Therefore, by either of the constructions suggested, there is no suspension of power of alienation beyond two lives. As, however, it becomes necessary, both by request of all the parties interested, and because it is very proper to have the judgment declare the interest of those concerned in the estate of the deceased testator, this court adopts the construction that, during the joint lives of the father and sister, each take one-half of the third, and, upon the death of either, the life share of that deceased one passes to the survivor, and after the death of the second, the title goes to the trustee for the benefit of the children of the poor, as directed in the will.

Under the facts as they existed, and were known to the testator at the time he executed the will and the deed of trust, I regard both instruments as steps in the unit period of the execution of a purpose determined upon by him in obedience to the spirit of his mother’s recommendation. Though thirteen days apart in point of time, they may, for the purposes of this action, be regarded as simultaneous acts. Therefore, the appointment declared by the will, *365which will remained in force at the time of the testator’s death long after the execution of the deed of trust, was the appointment referred to in the deed of trust, unless revoked by a later change of purpose.
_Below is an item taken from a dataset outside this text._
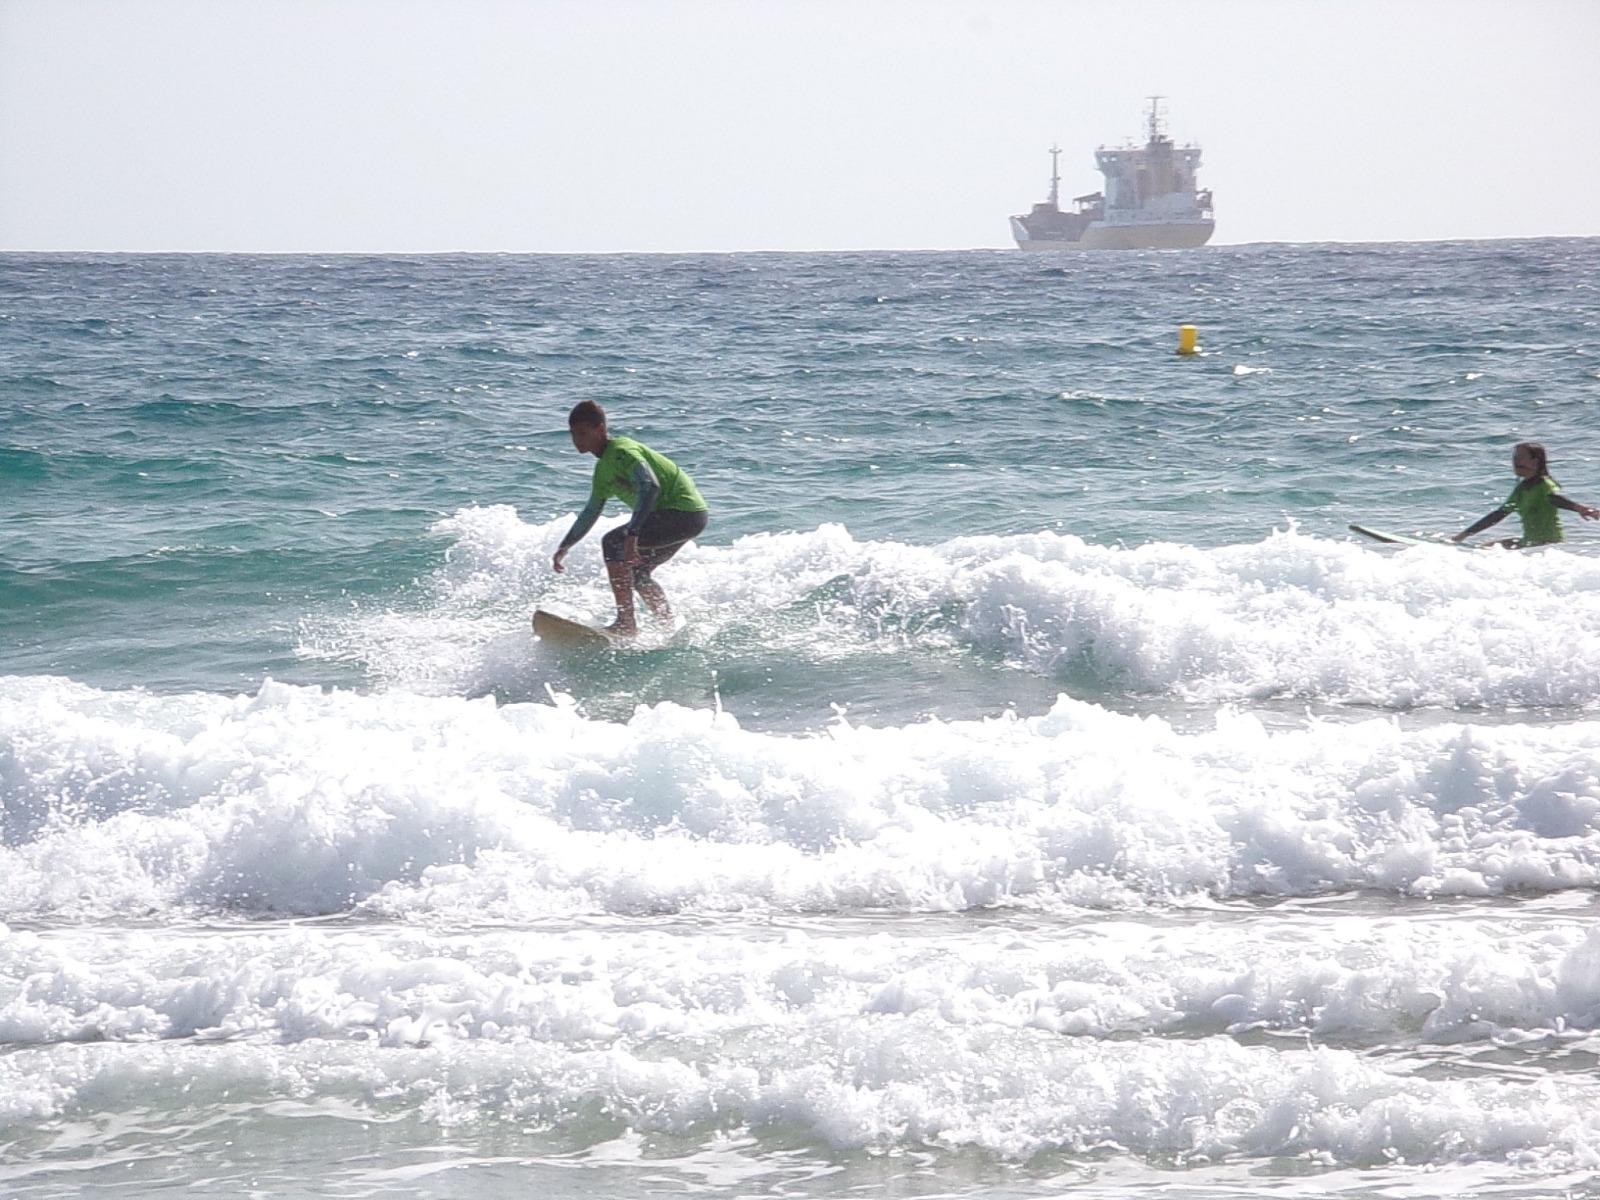 VERANO 2019 FUERTE TRIBU SURFWhatsApp Image 2019-07-28 at 23.21.39.jpg

Such revocation never was made, and a power of appointment may be exercised by will which- simply disposes of the property as though the testator were devising his own property, instead of executing a power of appointment conferred by another. Hutton v. Benkard, 92 N. Y. 295; Lockwood v. Mildeberger, 159 id. 182.
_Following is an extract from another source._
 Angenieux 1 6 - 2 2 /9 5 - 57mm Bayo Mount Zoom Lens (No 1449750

Were not the will to be construed as technically exercising the power of appointment, what difference would it -make? It mattered not to the testator whether he gave the property to his beneficiaries because of an unlimited power to dispose by way of appointment from another, or because he was exercising his own right to dispose of his own property. He gives this part of his estate, in explicit terms, to the father, sister and trustee for the poor. There is nothing in the evidence, or in the will or deed of trust, which signifies the slightest probability of such a misconception in the source of his power to dispose of this property as would have changed the plan of the benefits he wished to confer by his will. The vital, substantial thing he was resolved to do, and which he executed in the solemn form by which an instrument made in view of death is executed, was to leave his property to the beneficiaries named in the manner and form which his judgment had determined. He knew that he was enjoying this one-third part of his mother’s estate; that he had the power to dispose of that one-third part, and that he had fully determined what he wished to do with it. How then can any court set aside his testament as ineffective, even if it called his execution of a power of appointment defective, and what is there to prevent the execution of his wishes by the construction that he disposed of this estate, even though it were not the proper execution of a power of appointment?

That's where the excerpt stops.